5 Tips to Ensure Your Video Doesn't Suck

...just in time for the new year

Published on in Advice / Tips & Tricks

Making sure you have the basics covered is a must, yet over and over again we sometimes see the basics missing in the work we come across. Whether it's in a documentary, a short or simply your demo reel, making sure you're video doesn't suck is key to landing that gig you've always wanted. So with the new year, let's start a new list of what shouldn't be lacking in any of your 2015 projects. 


* Avoid unnecessary zooming:

The sure fire sign of an amateur is fast and frequent zooming. It is distracting, unnecessary and can even be nauseating when the picture gets extra shaky. When you are zoomed in close, even the slightest tremor in your hand can make the image look unstable. Make sure to get physically close to your target as much as you can. Don’t keep zooming in and out; choose an angle and stick with it the majority of the time. And when you do need to zoom, just try to do it slow & steady. 

* Capture B-Roll:

Instead of showing only people speaking, you should also have other images you can cut away to that will add dimension to your story later on in the editing process. B-roll can include additional video footage, photographs, animation or other elements.

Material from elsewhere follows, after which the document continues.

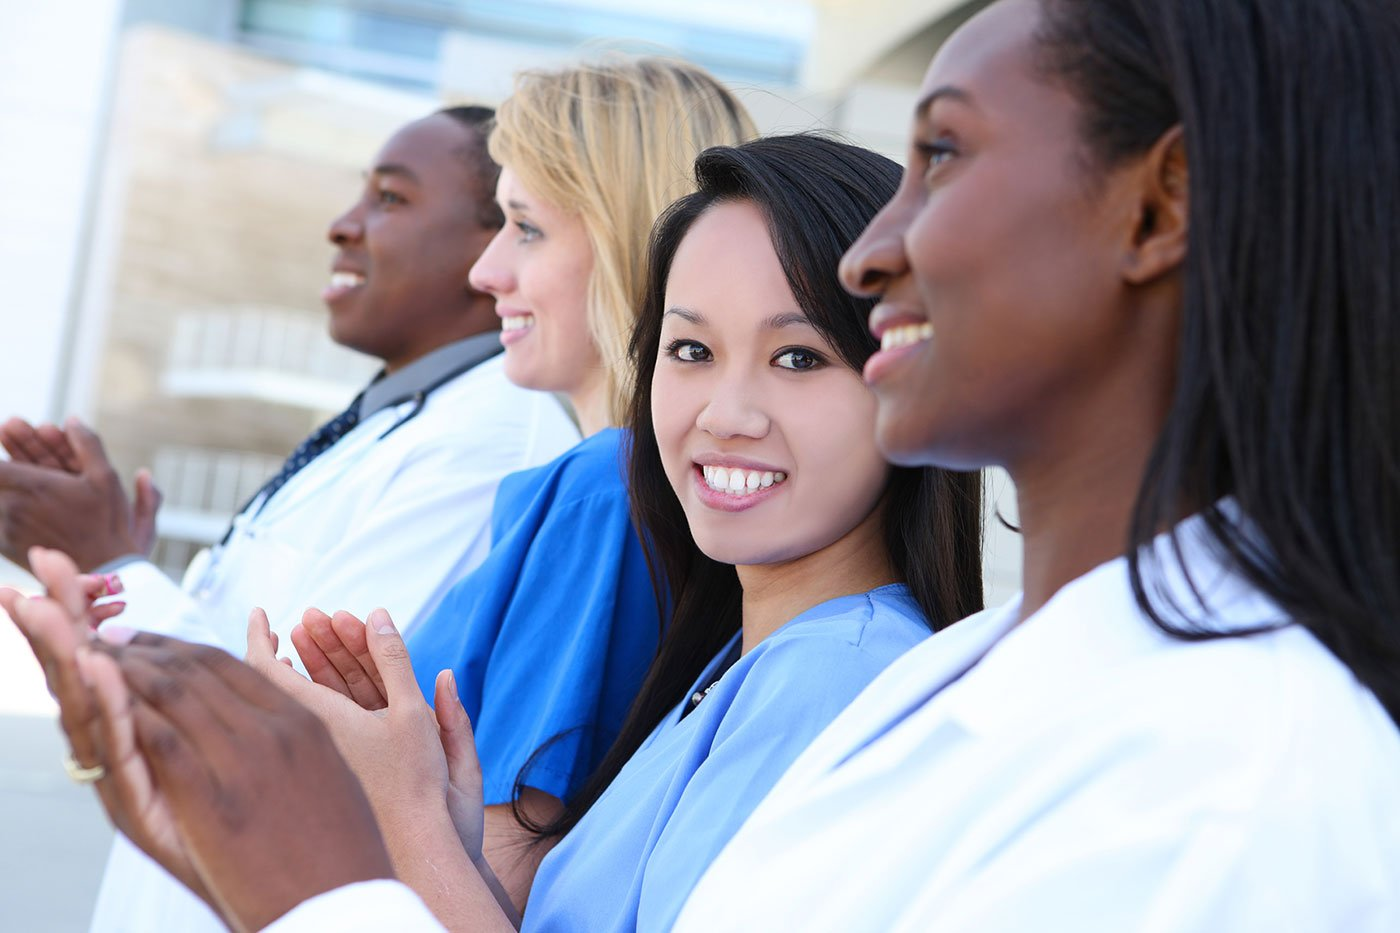 Explore Pharmacy Jobs - Pharmacy is Right for Me

It sounds easy, but b-roll is something that should not be taken for granted. It truly can make the difference between a boring video filled with chatter, or an engaging video that keeps the viewers’ attention. You can never capture enough. 

* Sound

While people will tolerate the worst quality video images, they will rarely watch programs that have bad audio. Make sure your sound and audio is crisp and clear, it can make a world of a difference. 

Sound can be your best friend and most effective way for you to communicate your story.
Always try to get about 10-15 seconds of sound in each environment you are shooting – this will come in hand during the editing process later.

* Lighting:

The lighting techniques in your video will make a big impact on the quality of your overall project.

Always remember: 
Back lighting reveals form, hard lights create hard-edged shadows, soft lights create soft-edged shadows and the larger the light source, the softer the light.

* Get a Tripod:

While some video pros have mastered the “shaky cam” look, you might not have. Do yourself and your viewers a favor and invest in a good tripod for smooth and steady shots.

If you take your camera work seriously, then you won't overstate the importance of a good tripod. Quality tripod kits do more than just hold your camera up. They support composition, perspective, and provide smooth pan/tilt movements.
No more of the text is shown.